Bane agreed that he believed the data showed that “the degree of commitment to the Jewish people around the world is dramatically greater when people are involved in the Jewish religion. 80% of Orthodox Jews feel a great deal of responsibility to fellow Jews around the world; the other Jews have much less [50% and lower],” he said.

The Orthodox community’s tendency to send their children to Jewish day schools, youth groups, summer camps and Israel trips could account for these positive associations. “Those types of immersive,
informal Jewish educational experiences are a key part of the socialization process of Orthodox young people, and we have lots of evidence that they have a positive impact on the participants’ Jewish trajectories,” said Shain.

With that in mind, she added, “I do think the Pew data should prompt us to take a careful look at kiruv efforts and ask what sorts of resources should be directed there, given how rare it is for Jews not raised Orthodox to become Orthodox.”

“The general social services that are being provided by the overall Jewish community today, the educational facilities, the mental health facilities, the needs [to address] poverty both here and elsewhere in the world, I think the lesson we’re learning is that the Orthodox community needs to start training its next generation to step up and play a role beyond the boundaries of Orthodoxy.
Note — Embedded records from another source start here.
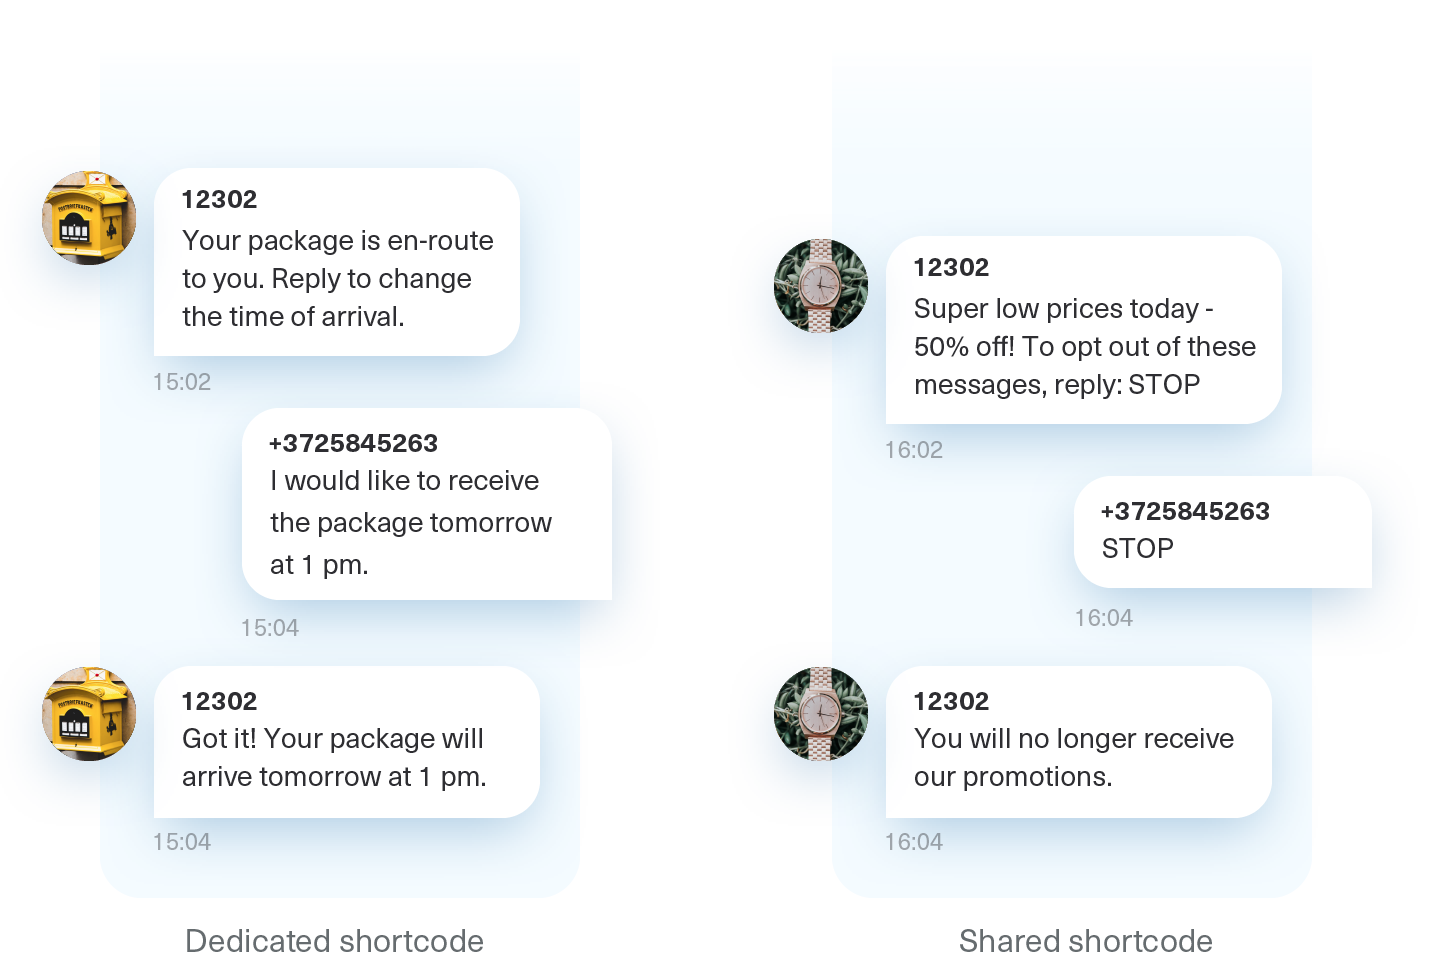 Examples of dedicated shortcode SMS sender IDs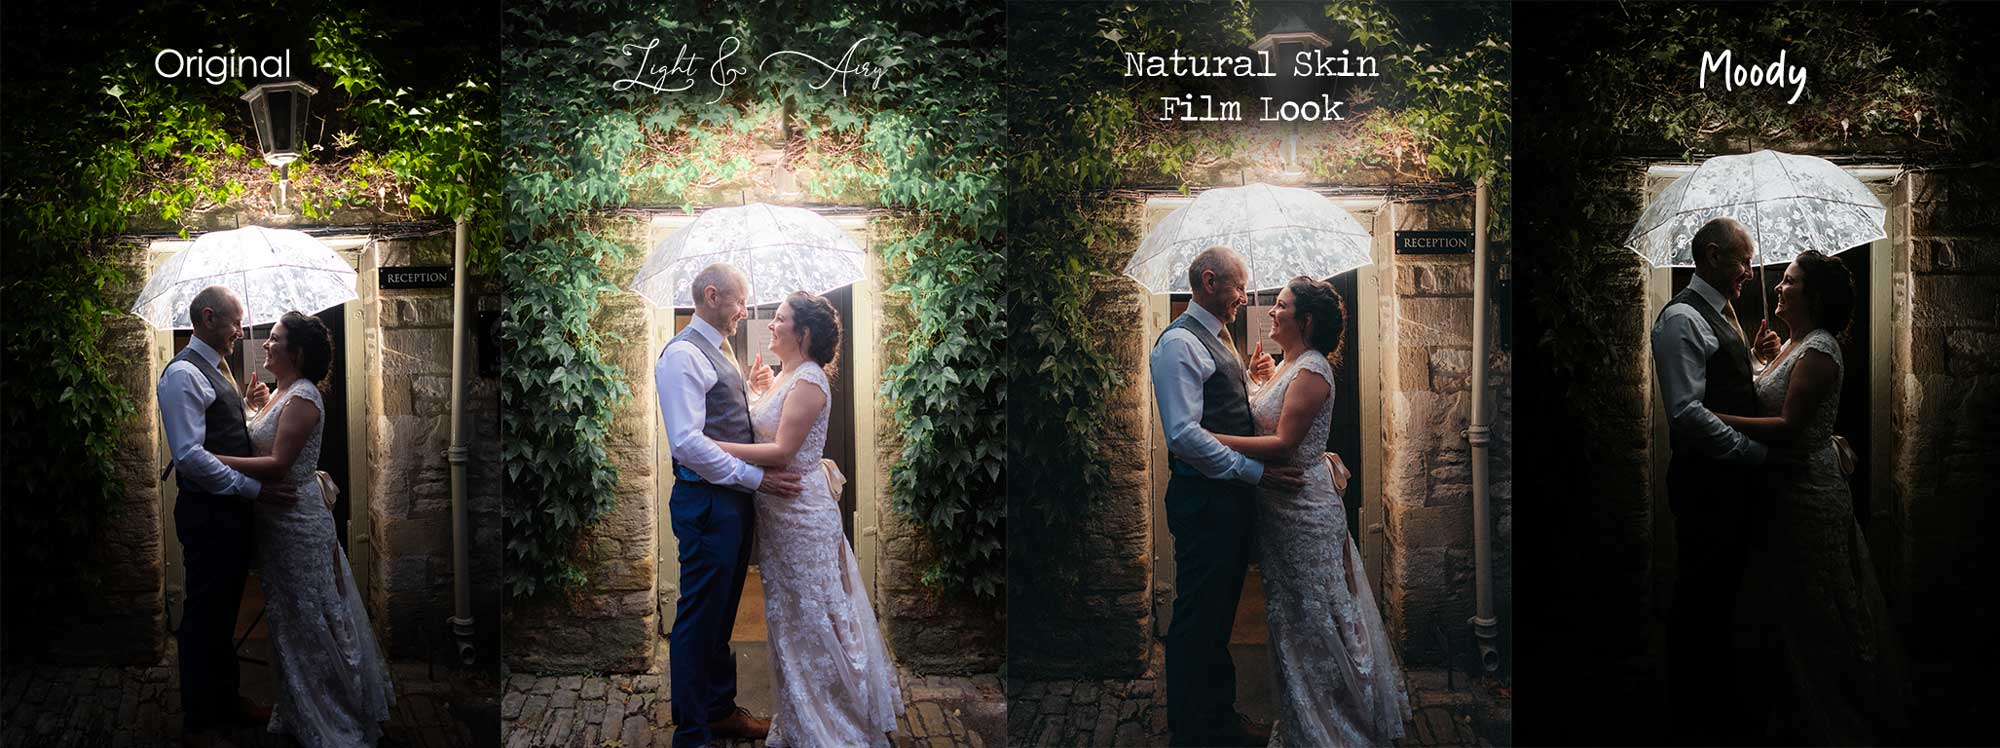 simple explanation of different wedding photography styles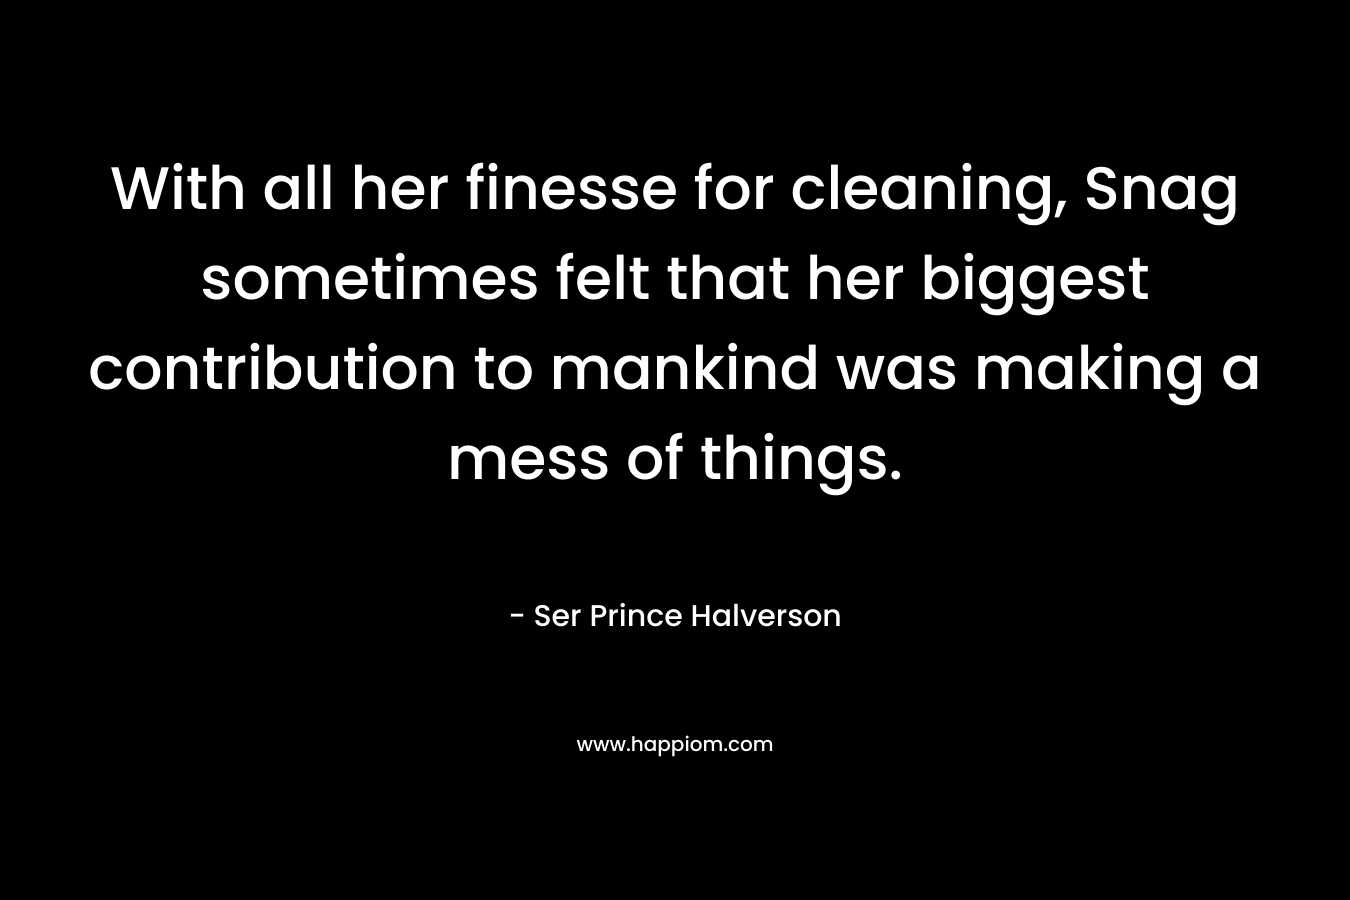 With all her finesse for cleaning, Snag sometimes felt that her biggest contribution to mankind was making a mess of things. – Ser Prince Halverson

To take responsibilities that are going to be theirs to bear, by virtue of their identity, and by virtue of their numbers,” said Bane.

Contrary to many populations that have high fertility rates, Orthodox Jewish women are exceptional in that they have high educational attainment. They are more than twice as likely as all Americans to have a college degree, and have an average of three children—well above the fertility expectations of the general public.

“The fact that the Orthodox population is expanding due to natural growth, not denominational switching, is in the report,” said Shain. “What’s not in the report is who within Orthodox families does the majority of the household labor and caregiving, and who carries the cognitive load. I suspect it’s the mom. A Jewish family’s most intimate decisions have an incredible impact on the Jewish people writ large.

“This is an unusual pattern,” Shain continued. “In the United States in general, more education is associated with lower fertility. In many ways, Orthodox women are caught with two sets of high expectations: as mother and as professional. And yes, I believe that since the reproduction in the Orthodox community is literally dependent on the labor of women, the Orthodox community needs to support those women.”

Shain suggested that one way to support Orthodox women is to provide professional opportunities that are flexible, where it can be possible to work part-time without a wage penalty. “Let’s make sure Jewish organizations and institutions take steps to enable part-time, flexible work for their employees.”